The United States and China enter a new cold war: Kemp


LONDON (Reuters) – The abrupt closure of the Chinese consulate in Houston marks the latest incident in a rapidly escalating conflict between China and the United States.

FILE PHOTO: The flags of China, the United States, and the Chinese Communist Party are displayed at a flag stand at the Yiwu Wholesale Market in Yiwu, Zhejiang Province, China, May 10, 2019. REUTERS / Aly Song / File Photo

Future historians will likely focus on 2020 as the point at which the intensification of strategic competition between the United States and China turned into a new cold war.

The two superpowers are now in conflict in multiple geographic theaters (South Asia, Southeast Asia, Australia, Europe, Africa, and Latin America) and multiple vectors (trade, investment, technology, espionage, international institutions, health policy, naval, air power ). , missiles and territorial disputes).

The superpowers have articulated an increasingly long list of complaints and almost no significant interest in common. Both are trying to push third countries into an alliance system that would see the world divided into two decoupled blocks. Red versus blue. With us or against us. Total confrontation. Basically the definition of cold war.

Some policymakers and strategic study analysts still hesitate to employ the concept of the Cold War, distrusting the analogy with the decades-long US / USSR conflict and its implications for medium and long-term international relations.
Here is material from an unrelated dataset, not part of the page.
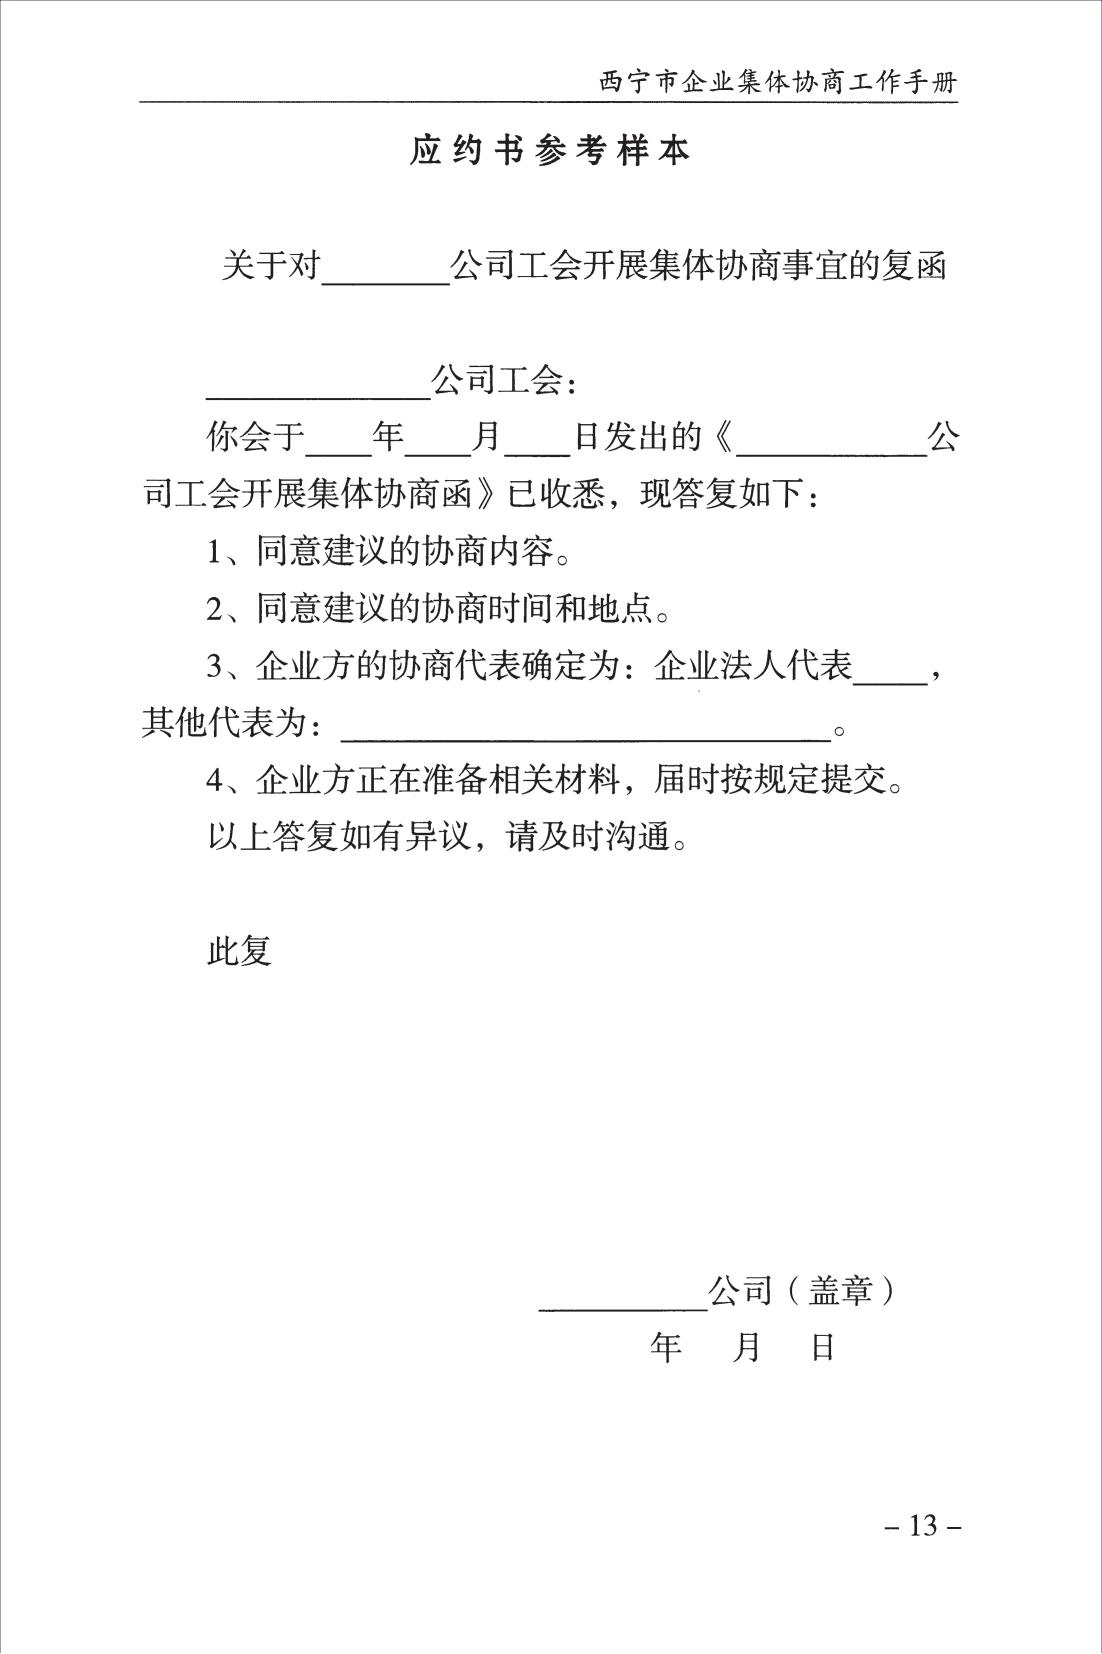 西宁市企业集体协商工作手册_15.jpg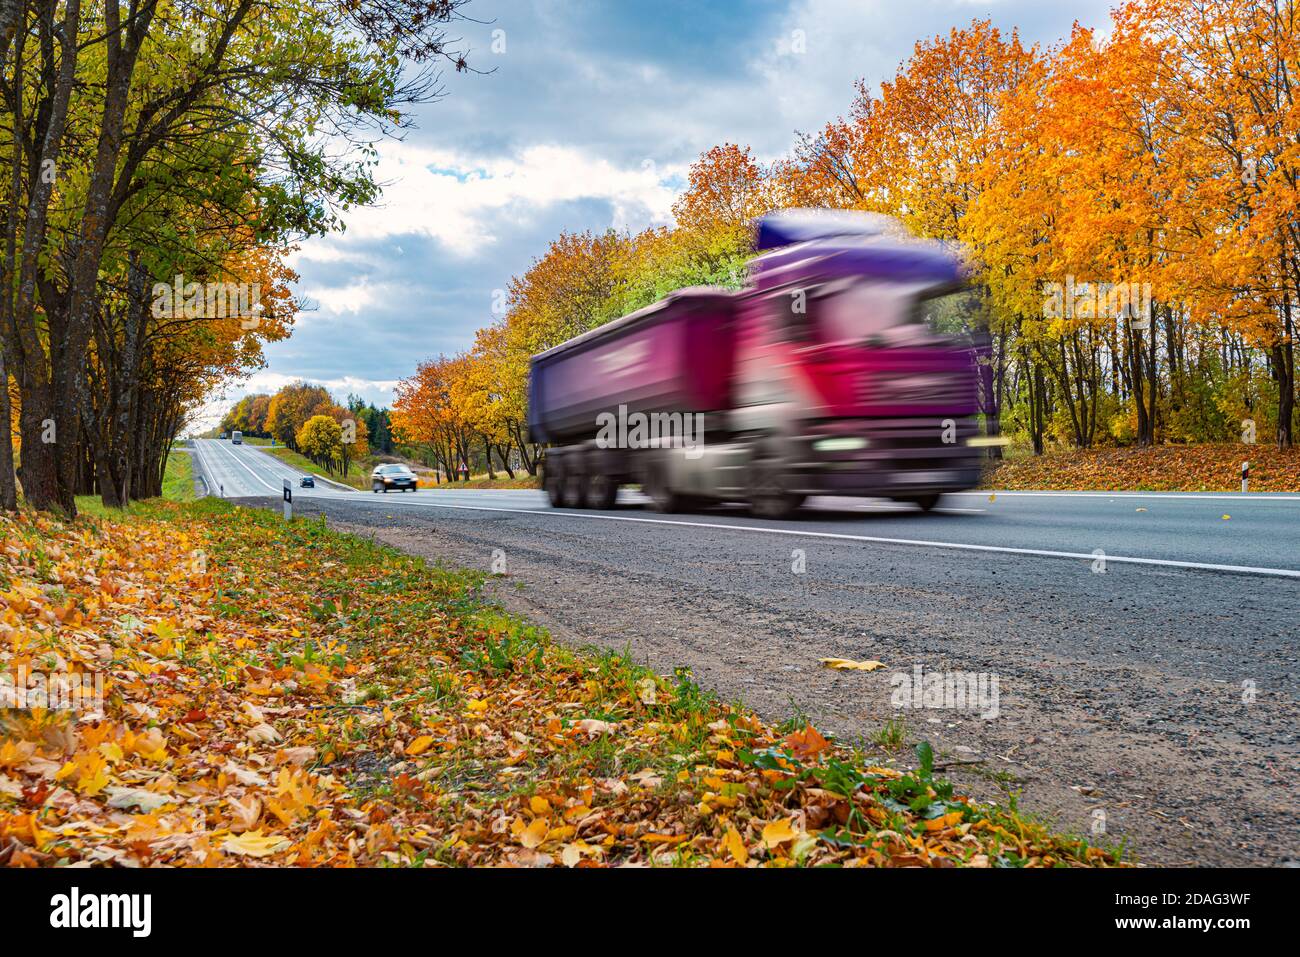 Camión de transporte rápido en una carretera en Baviera, Alemania, Europa. Transporte, carga y entrega. Foto de stock

But there is no doubt that both countries increasingly see and describe the conflict in existential terms. If it looks like a cold war, and it sounds like a cold war, it is probably a cold war, and the concept illuminates more than it hides.

ANCESTORS

The current Cold War between the United States and China has been building for some years, as has the experience of the Cold War between the United States and the USSR, which dates back to 1947, but where the antecedents were evident in the last part of the World War II, when the two countries were still nominally Allied in the United Nations.

For almost a decade, there have been growing complaints about intellectual property theft, trade imbalances, espionage, diplomatic contention and siege, and territorial disputes. So just as the cold war between the United States and the USSR really started much earlier (it was already evident in 1945), the cold war between the United States and China started a long time ago.

But in terms of a point where the intensification of strategic competition becomes an absolute cold conflict, 2020 seems to mark the qualitative and quantitative turning point, and serves as much of a convenient date as 1947.

The coronavirus pandemic and the deepest economic recession for a century have increased tensions, and the conflict has become a central issue in the US presidential election with the top two candidates determined to appear tough on China.

However, like the Cold War between the United States and the USSR, the war between the United States and China is likely to span multiple U.S. administrations and generations of Chinese leaders, with periods of more intense conflict alternating with detente.

The conflict is not personal between the President of the United States, Donald Trump, and the President of China, Xi Jinping. It increasingly encompasses most of the elite groups in both countries.

As patriotic hawks push for a hard line, there is less and less political, diplomatic, and intellectual space for pro-engagement views in the United States or China.

Changes in top leaders on both sides will not necessarily end the conflict, just as the replacement of Truman and Stalin did not end the conflict between the United States and the USSR.

RESOLUTION

Like the cold war between the United States and the USSR, the conflict between the United States and China is likely to continue until the costs become intolerable for one or both parties.

The conflict between the United States and the USSR remained primarily a cold war, with actual military combat limited to proxy wars in developing countries such as Korea, Vietnam, and Afghanistan.

The conflict between the United States and the USSR is often presented as a successful example of managing international tensions.

But at the time it was not obvious that the conflict would remain cold and would not escalate, for example, during the Cuban missile crisis.

The current conflict between the United States and China is also a classic example of the Thucydides trap, where a rising power (ancient Athens and modern China) challenges the current one (Sparta now the United States).

History suggests that such conflicts often end in an involuntary but real military confrontation, such as the one between Britain and Germany in the early 1900s (“Destined for war: Can the United States and China escape the trap of Thucydides? “Allison, 2017).

Beyond the economic conflict, there is a long list of potential hotspots that could spark real fighting, including Taiwan and the South China Sea.

Some cold warriors on both sides welcome the “strategic clarity” of more open competition and conflict between the United States and China.

A Manichean conflict between two blocks, economically and diplomatically decoupled, offers a tantalizing repetition of the great conflict of the second half of the 20th century, which ended with the triumph of the United States and the disintegration of the Soviet Union.

But that conflict dominated global politics for four decades, and the end result was not obvious in the 1960s and 1970s.

There is no guarantee that the Cold War between the United States and China will follow the same trajectory or end in the same way.

Proponents of a confrontational approach between the two superpowers must be careful what they wish for.

(The opinions expressed here are those of the author, Reuters columnist)

Edition by Elaine Hardcastle

Our Standards:Thomson Reuters Trust Principles.